Tuesday, March 5, 2013

Clean Eating Butternut Squash and Lentil Soup with Coconut and Cilantro

Makes 9 servings, about 1 cup each
I LOVED this soup. But I might be biased because butternut squash and coconut are two of my favorite foods. For me this was the perfect mix of slightly sweet squash and creamy coconut with a hint of cumin. I will admit that Matt and the boys weren't huge fans (meaning they ate it but there was some whining) but they all despise butternut squash so I wasn't super surprised. But that's okay, all the more for me and the baby (her opinion doesn't really count yet because at this point she eats anything we put in her mouth lol). This was fast to make, froze really well, and made me happy as I ate it for lunch all week when it was chilly outside. I did not add any salt to it so, if you are new to clean eating (or just like your soup a bit salty), then you might want to throw some in. At first glance it may seem like this dish is high in saturated fat but it's mainly from the coconut milk which is, believe it or not, good for you. Read more about it HERE.



Liadan and I modeling how delicious this soup is!
Okay, we were really modeling the Thermos product. But the reason she opened her mouth wide with that happy look on her face so they could get this great shot was because she was eating this soup so I think that still counts ;)
Ingredients:
  • 1 medium onion, chopped (about 1 cup)
  • 1 large carrot, chopped (about 1 cup)
  • 2 cloves garlic, minced
  • 1 cup of lentils (I used green but any kind is fine)
  • 4 cups broth (I used chicken but vegetable would be fine too)
  • 1 can coconut milk
  • 1 tsp cumin
  • 1/2 tsp dry mustard
  • 2 lbs butternut squash, peeled and chopped (2 1/2 - 3 cups)
  • 1/2 cup minced fresh cilantro plus extra for garnish
CROCKPOT INSTRUCTIONS: Throw everything into the crockpot, cover, and cook on high 4-5 hours or low 7-8 hours or until lentils and veggies are tender.
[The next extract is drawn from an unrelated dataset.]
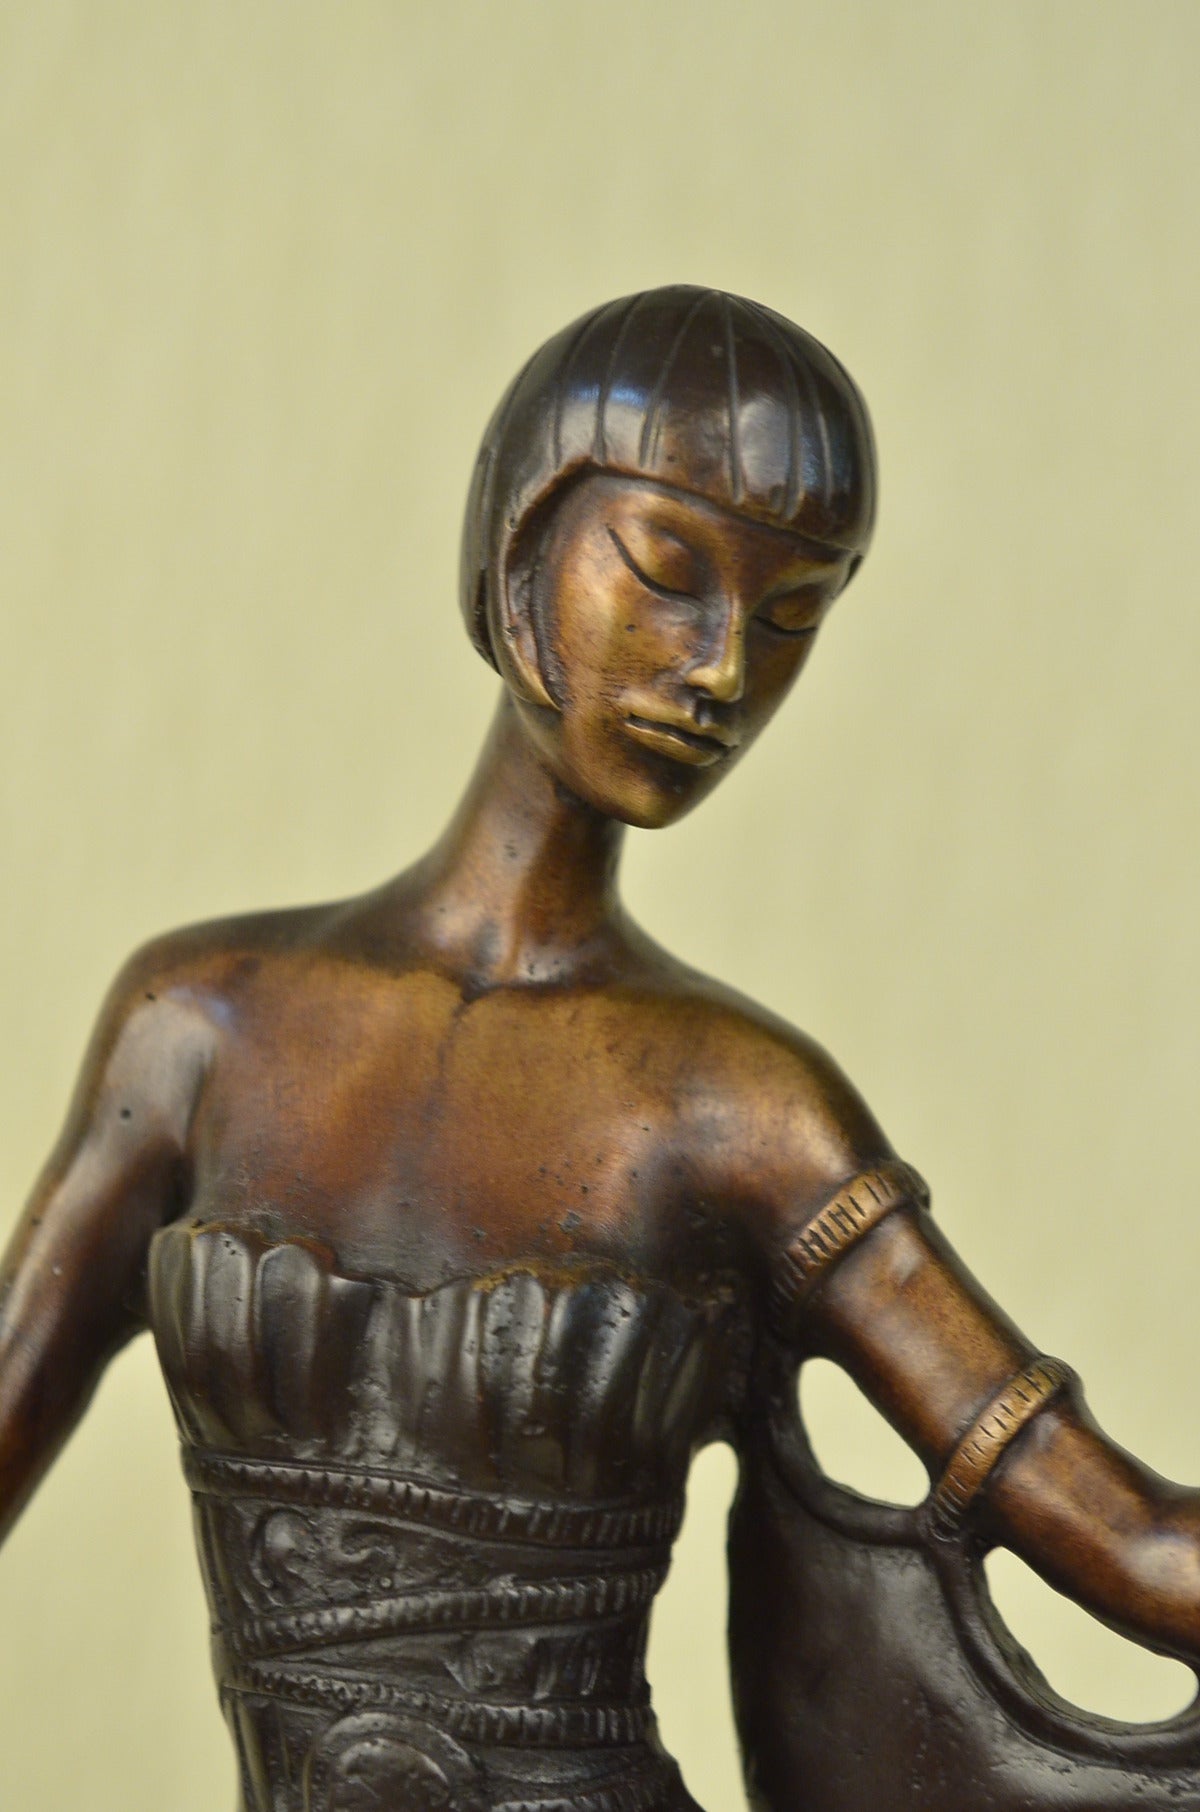 Handcrafted bronze sculpture SALE Dancer Nude Deco Art Base Marble On Cast Hot

It makes me so happy to dump a bunch of stuff into the crockpot
and then have it be delicious soup in the evening :)
STOVETOP INSTRUCTIONS: Heat 1/2 Tbsp olive oil in a large soup pot and sauté the onion, carrots and garlic for about 5 minutes or until the onions are tender. Add lentils, broth, coconut milk, cumin, mustard, squash, and cilantro. Bring to a boil then reduce heat and let simmer for about 30 minutes or until lentils and veggies are tender.
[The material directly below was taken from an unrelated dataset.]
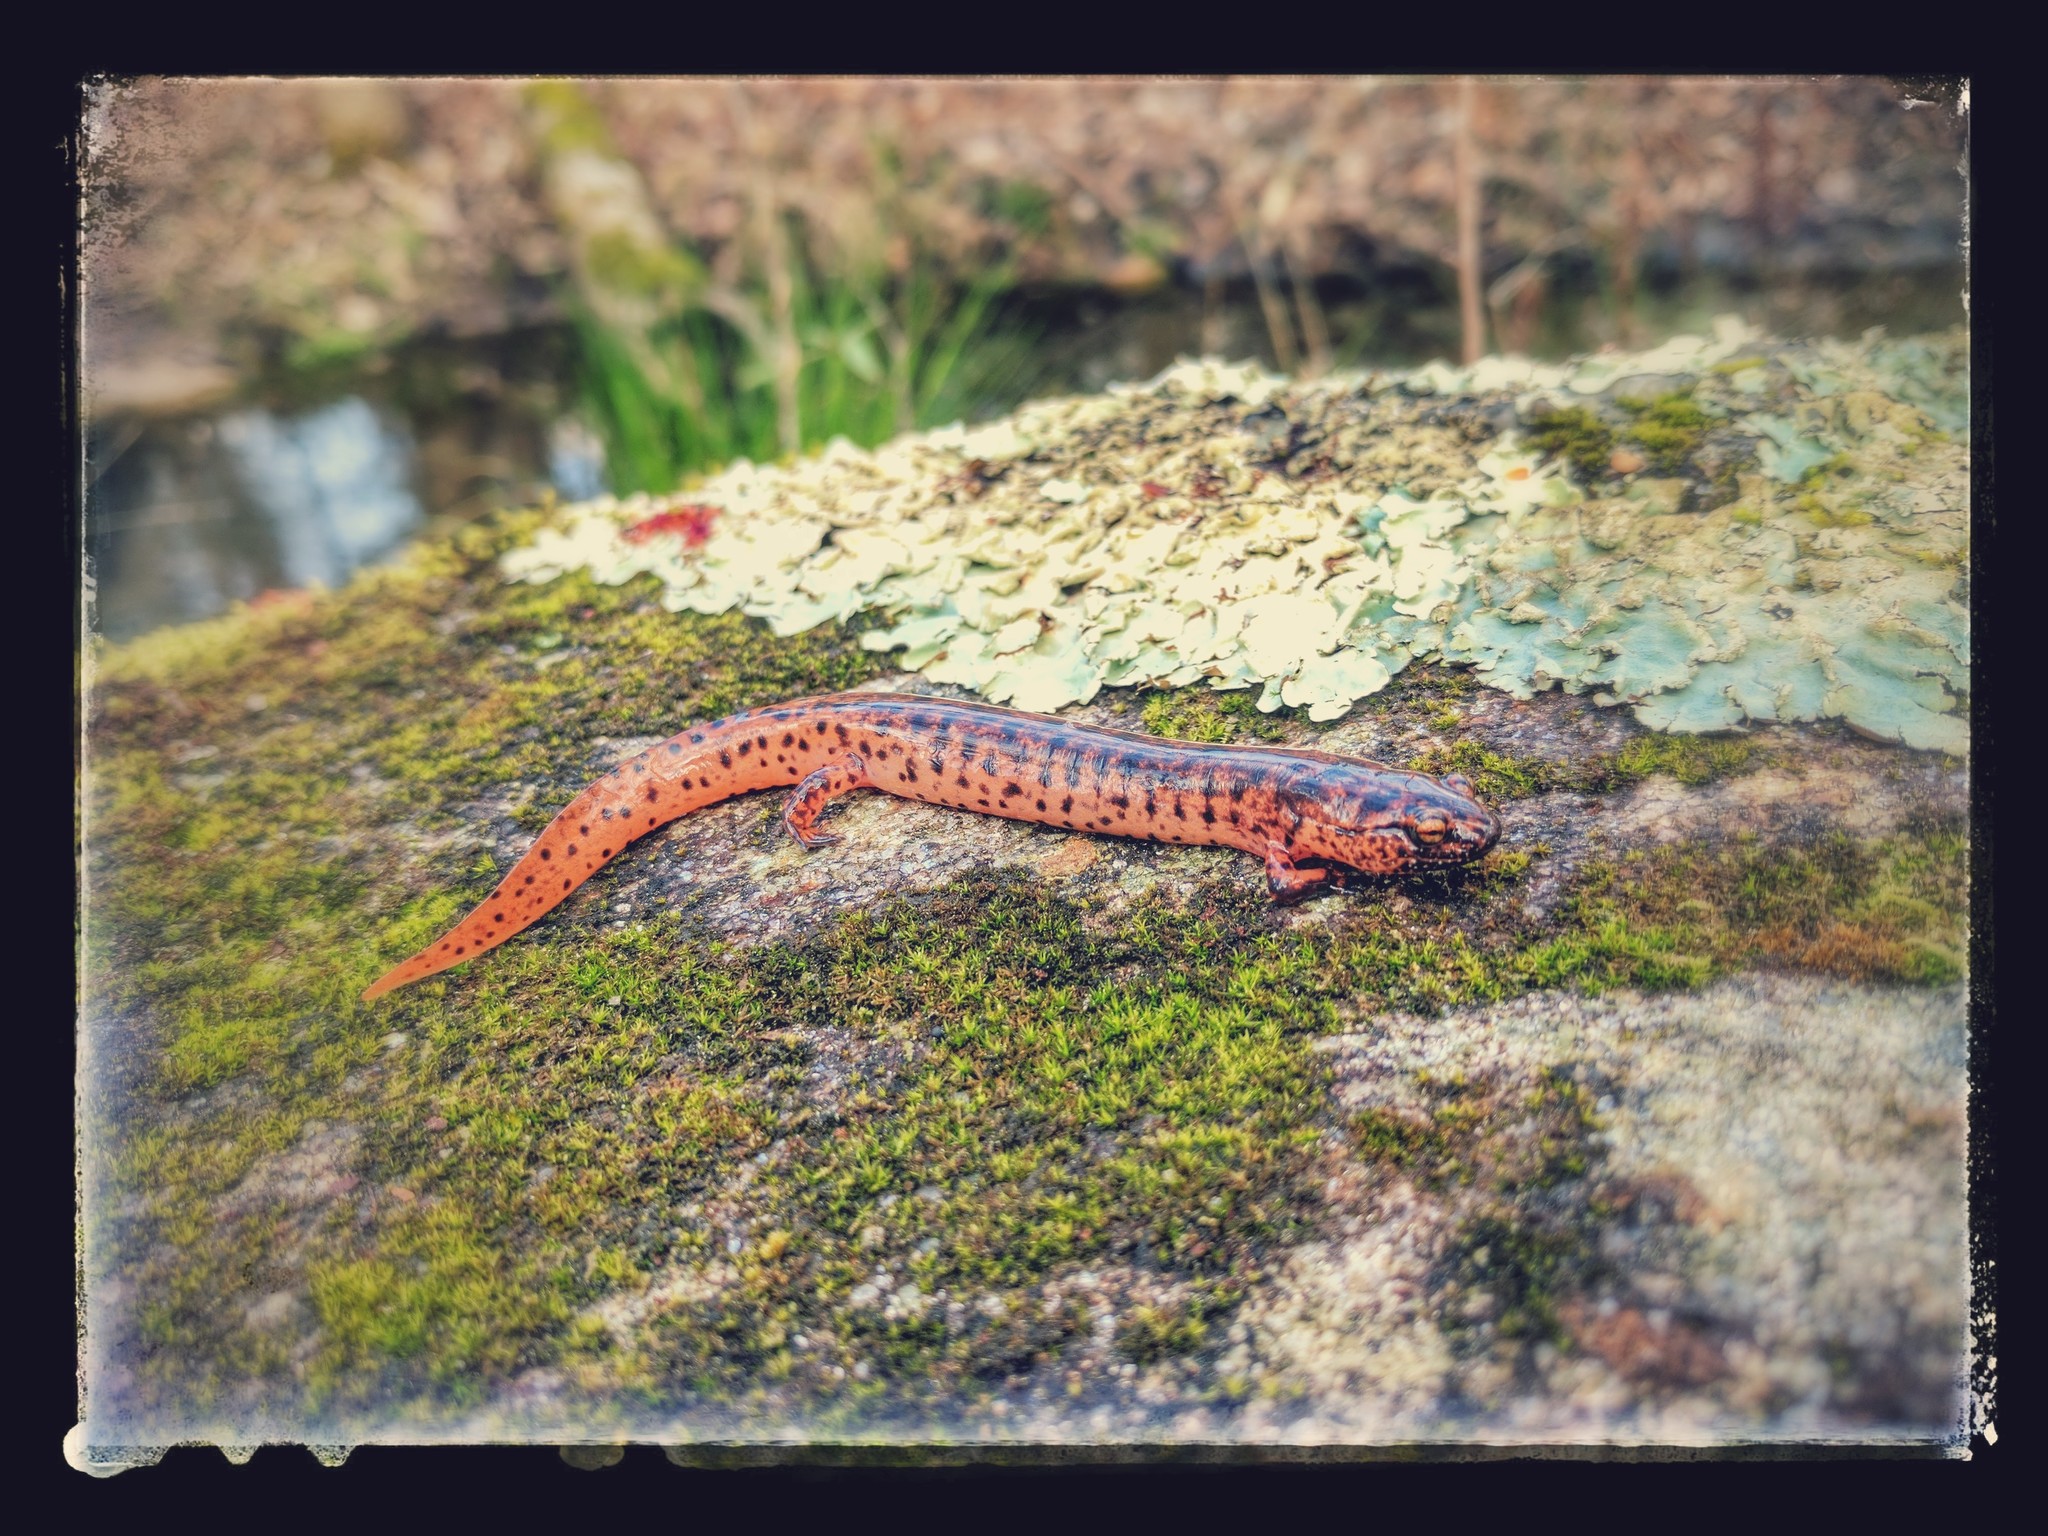 It's salamander season around Auburn feature image

Once the soup is done you can certainly eat it as is but we prefer to puree it into a smooth, thick stew. I use my immersion blender for this but you could use a blender or food processor instead. I served it garnished with a dollop of plain yogurt, a little cilantro, and a sprinkle of sunflower seeds. Pumpkin seeds, some unsweetened flaked coconut, or a dash of lime juice would work nicely as well.
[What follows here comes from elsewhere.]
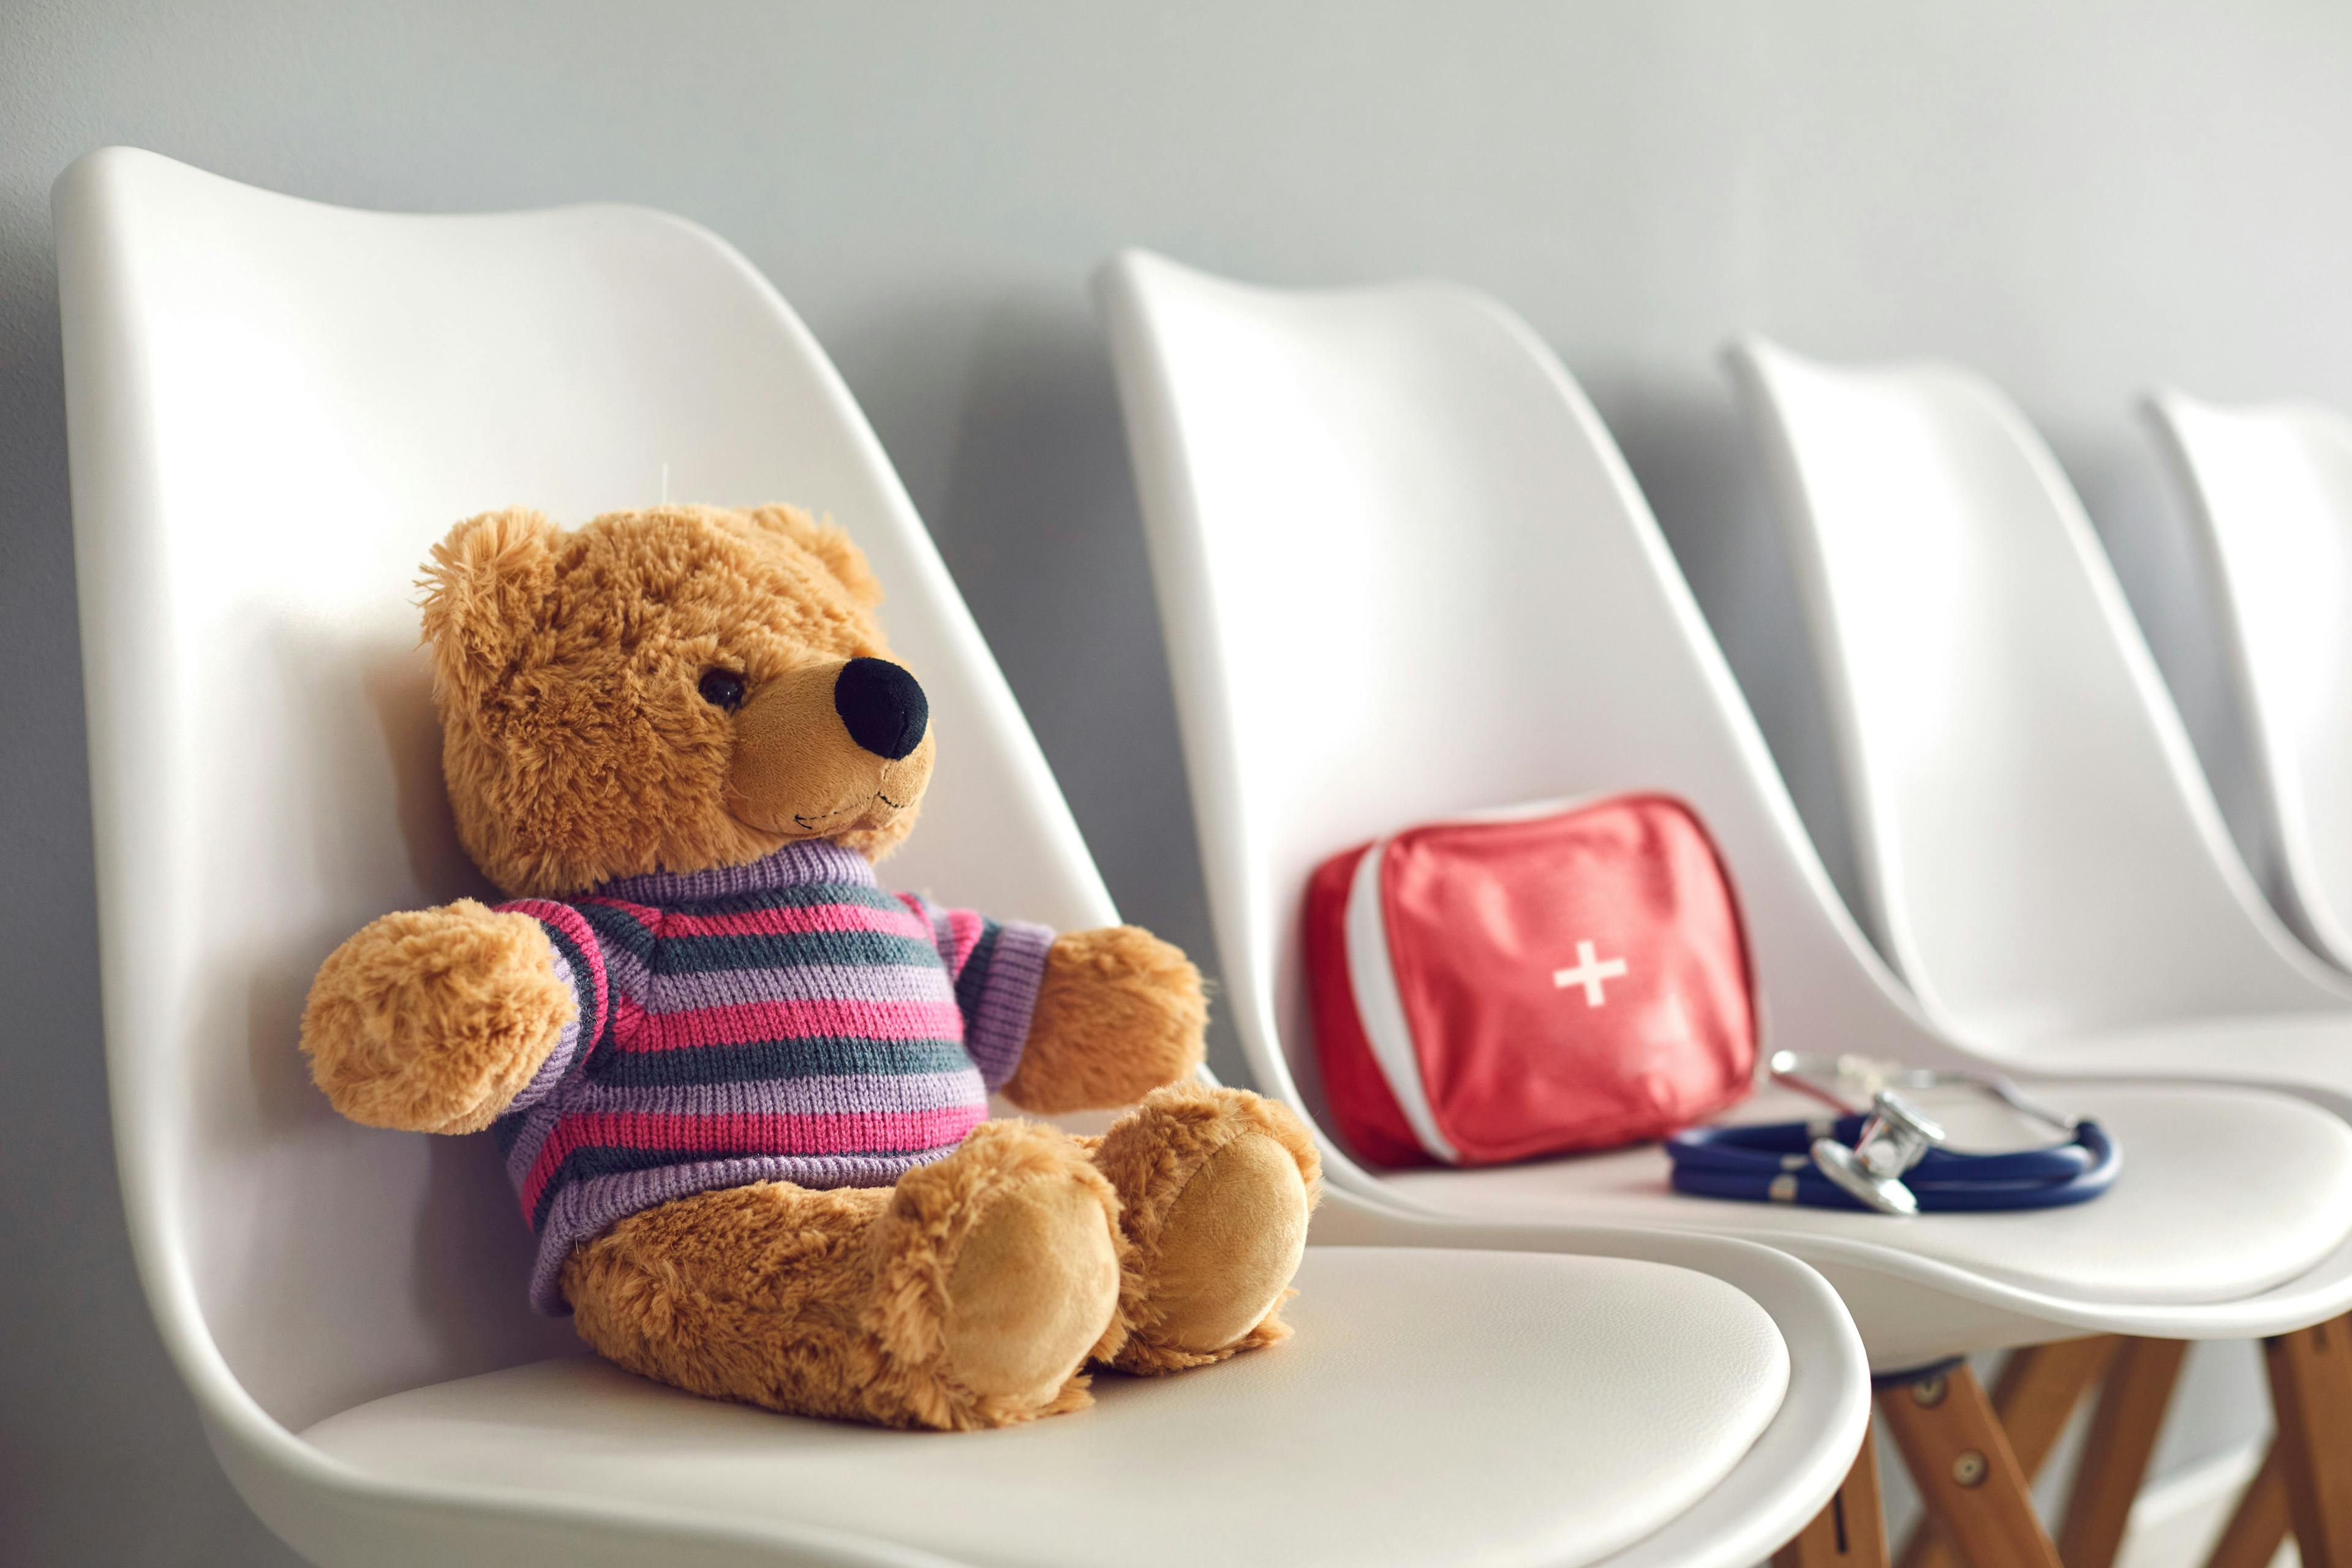 Teddy Bear in Waiting Room, Pediatric Care Concept | Image credit: Studio Romantic - stock.adobe.com

Freeze leftovers in 1 cup portions using the medium/large portions method to feed your freezer stash.

NUTRITION INFO:
Per 1 cup serving - 256 Calories (118 Calories from Fat), 13g of Fat, 11g Saturated Fat, 0mg Cholesterol, 220mg Sodium, 30g Carbohydrates, 10g Dietary Fiber, 5g Sugar, 8.5g Protein, 242% DV Vitamin A, 42% DV Vitamin C, 8% DV Calcium, 19% DV Iron

** NOTE: As mentioned above, I know this seems like a LOT of fat, particularly saturated fat, but this comes from the coconut milk and is actually not a bad kind of fat. For more info check out this LINK.